• About this exercise
Everything in the data should be repeated exactly, save for the images.

[Opening Information supplied section]

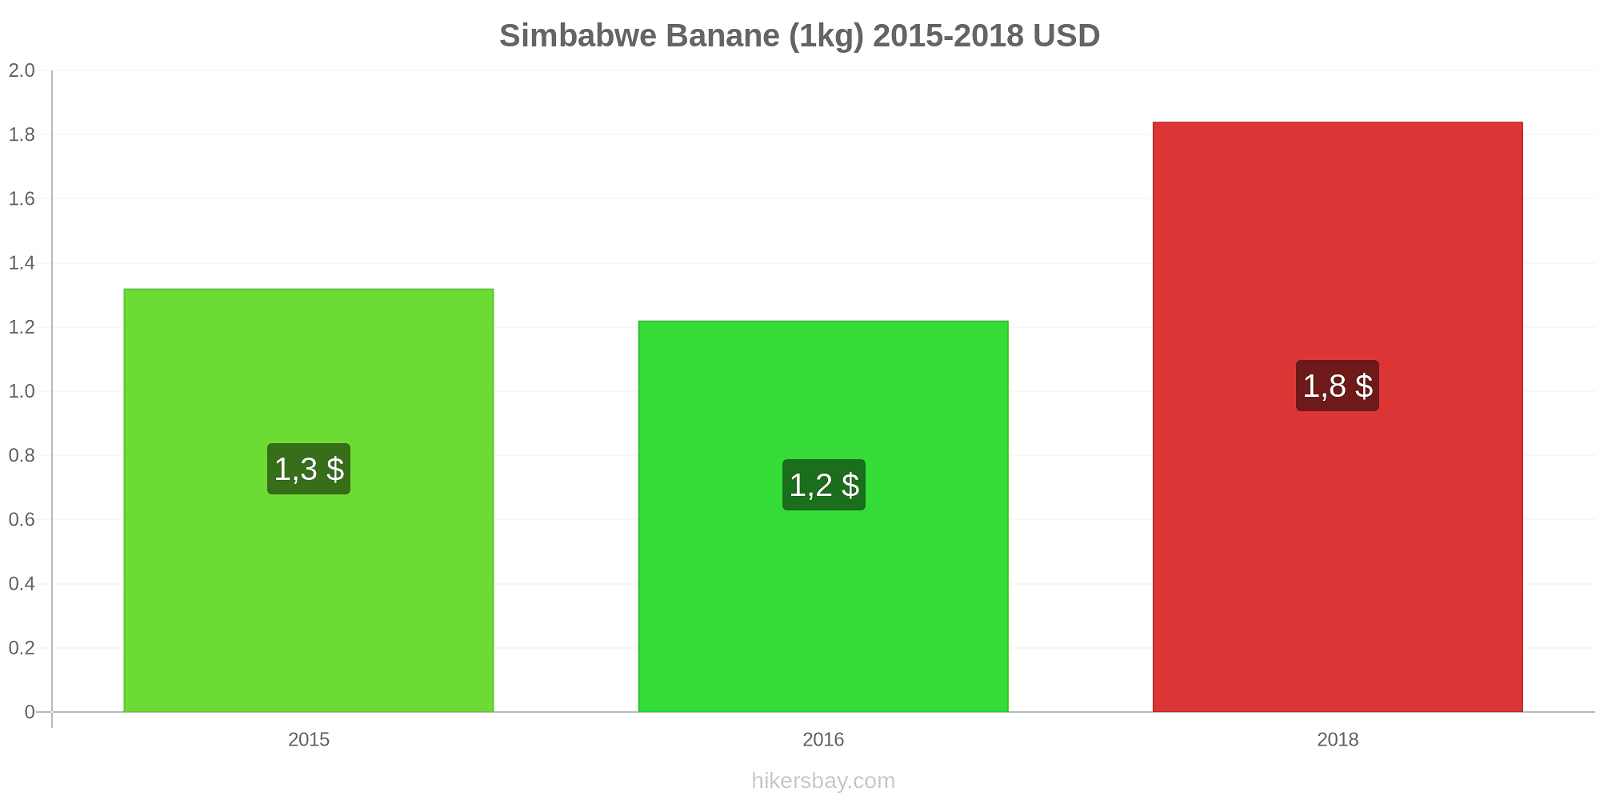 Simbabwe Preisänderungen Bananen (1kg) hikersbay.com
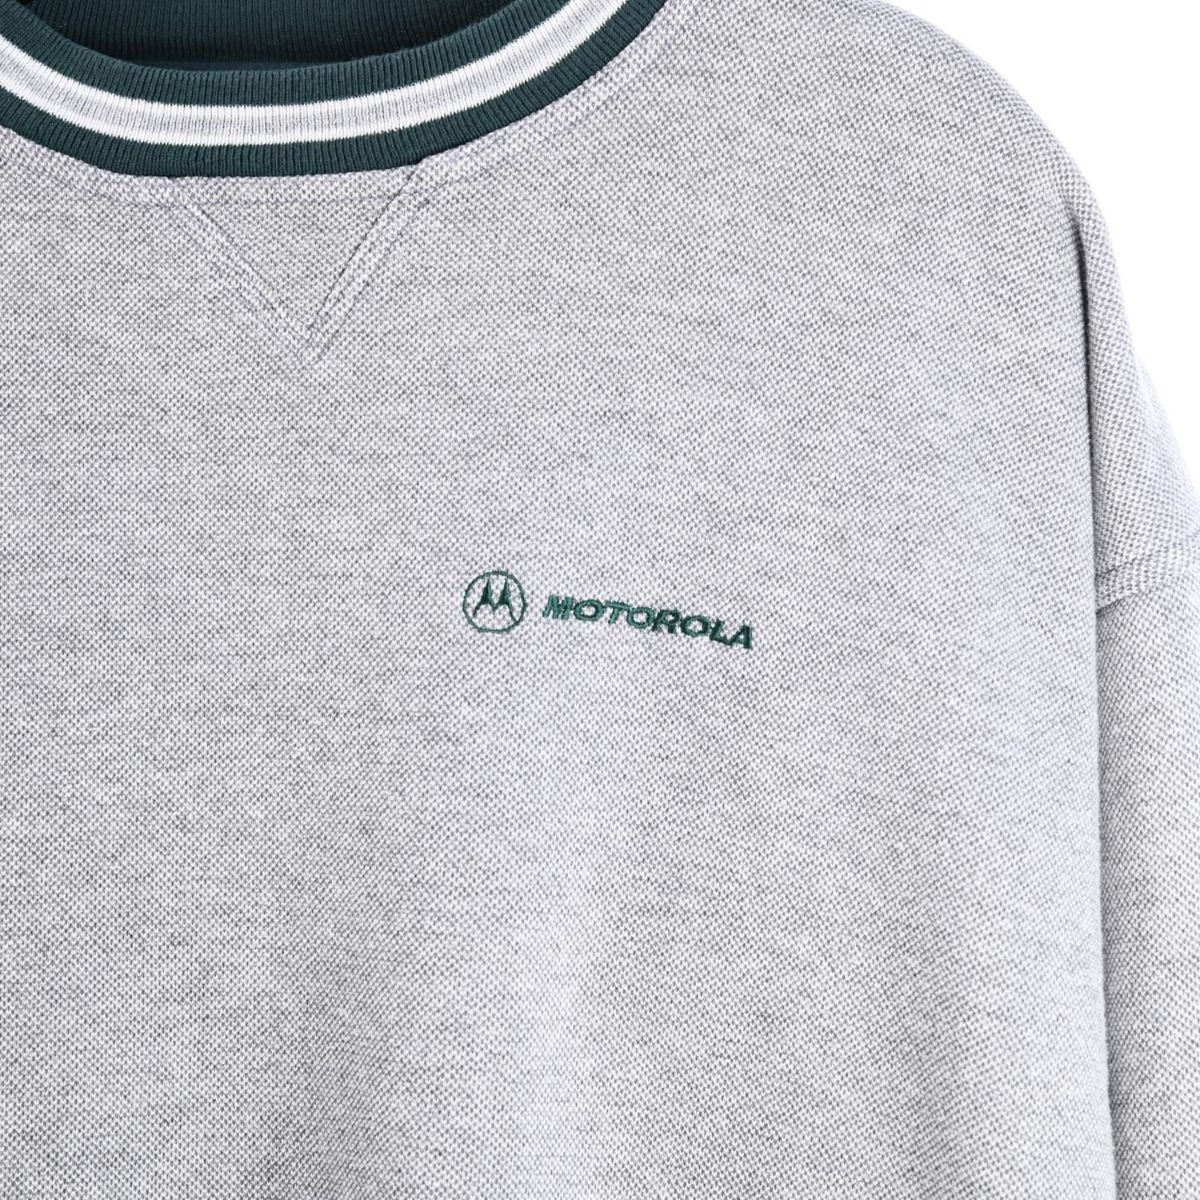 Motorola Sweatshirt
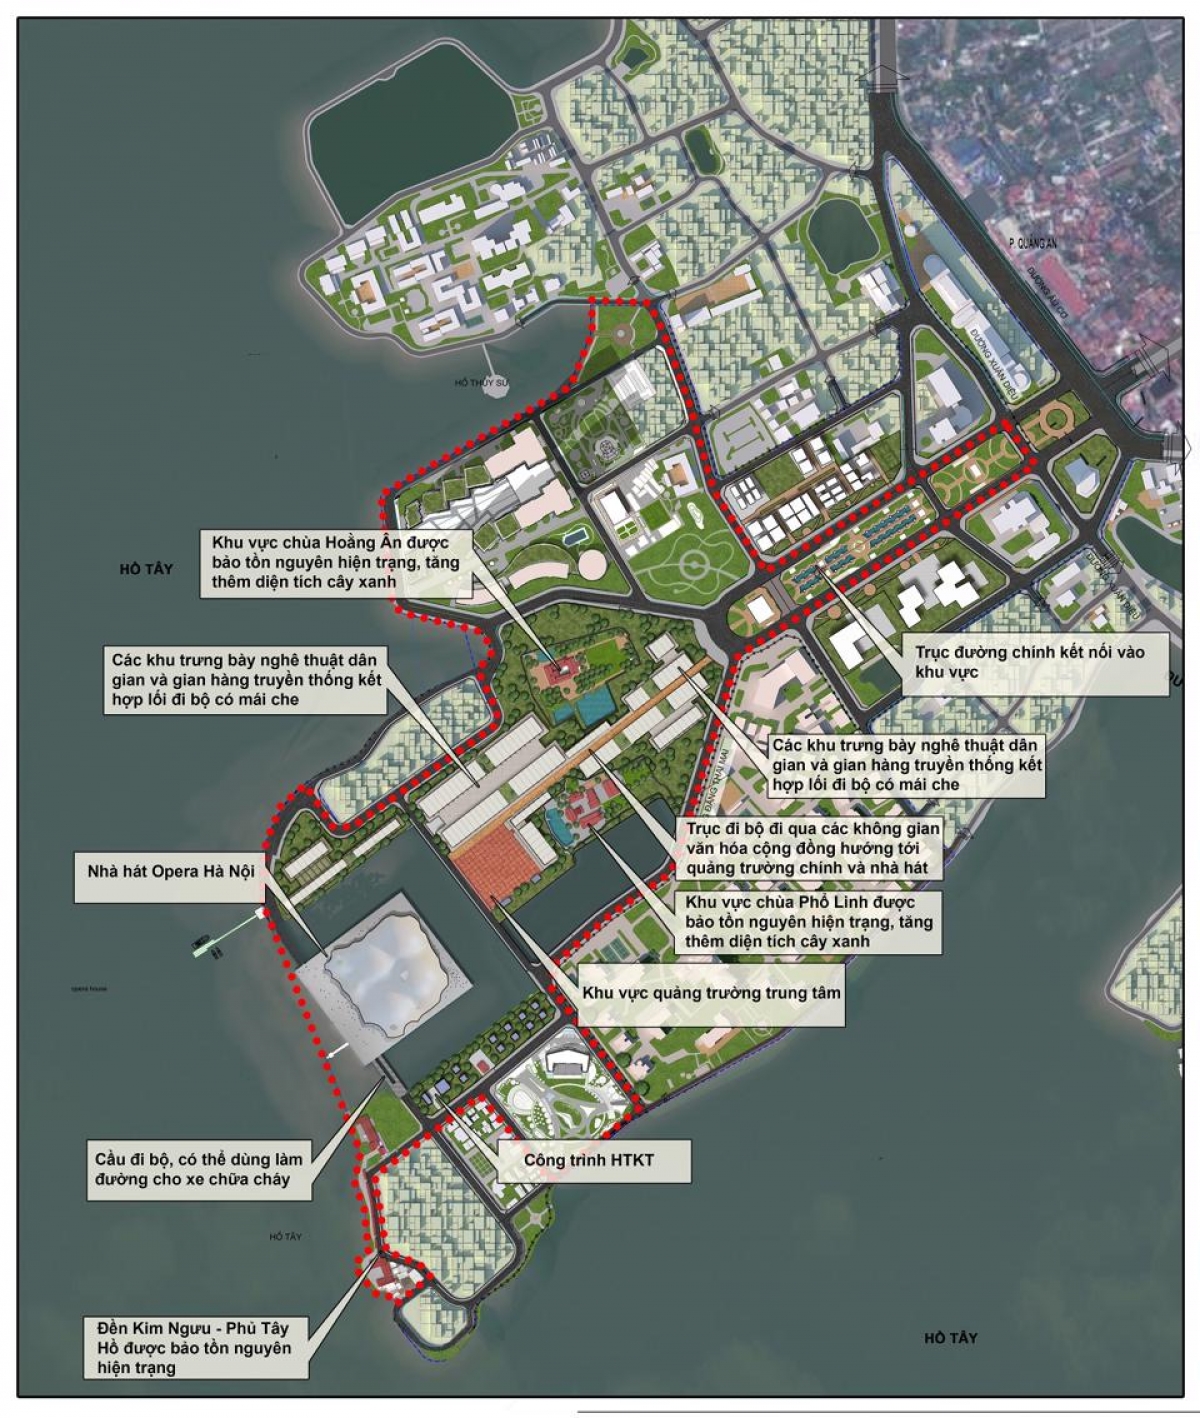 Sẽ tiếp thu ý kiến chính đáng của người dân về quy hoạch bán đảo Quảng An - Ảnh 2.
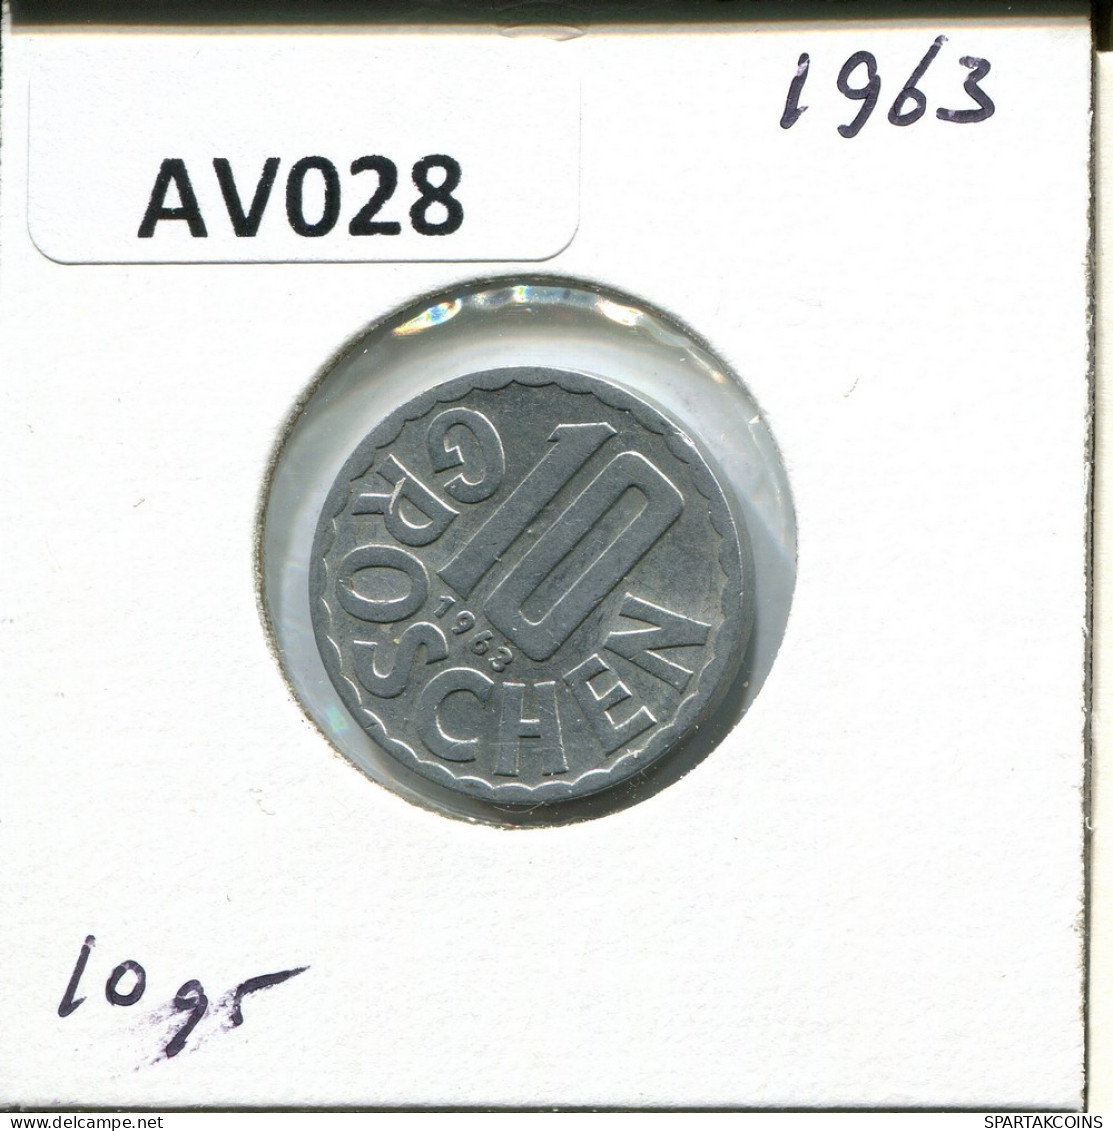 10 GROSCHEN 1962 ÖSTERREICH AUSTRIA Münze #AV028.D.A - Austria

[Closing Information supplied section]

• Your solution
 Simbabwe Preisänderungen Bananen (1kg) hikersbay.com
 Motorola Sweatshirt
 Sẽ tiếp thu ý kiến chính đáng của người dân về quy hoạch bán đảo Quảng An - Ảnh 2.
 10 GROSCHEN 1962 ÖSTERREICH AUSTRIA Münze #AV028.D.A - Austria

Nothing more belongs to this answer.